# [Action item]
Please reproduce exactly the line that carries "Facebook Cover Photographer" and all remaining lines through the last line of the data, and write nothing else.

[Source data]
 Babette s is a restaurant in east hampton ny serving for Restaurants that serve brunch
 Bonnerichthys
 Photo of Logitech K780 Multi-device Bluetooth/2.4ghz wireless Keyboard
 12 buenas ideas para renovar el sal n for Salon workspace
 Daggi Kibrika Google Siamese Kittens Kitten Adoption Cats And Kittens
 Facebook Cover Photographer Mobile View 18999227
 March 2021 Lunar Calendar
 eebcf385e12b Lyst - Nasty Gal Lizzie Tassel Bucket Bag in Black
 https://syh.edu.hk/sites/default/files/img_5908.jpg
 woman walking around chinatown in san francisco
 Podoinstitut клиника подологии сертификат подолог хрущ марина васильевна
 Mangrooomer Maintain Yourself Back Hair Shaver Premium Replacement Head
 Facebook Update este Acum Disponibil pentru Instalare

# [Exercise response]
 Facebook Cover Photographer Mobile View 18999227
 March 2021 Lunar Calendar
 eebcf385e12b Lyst - Nasty Gal Lizzie Tassel Bucket Bag in Black
 https://syh.edu.hk/sites/default/files/img_5908.jpg
 woman walking around chinatown in san francisco
 Podoinstitut клиника подологии сертификат подолог хрущ марина васильевна
 Mangrooomer Maintain Yourself Back Hair Shaver Premium Replacement Head
 Facebook Update este Acum Disponibil pentru Instalare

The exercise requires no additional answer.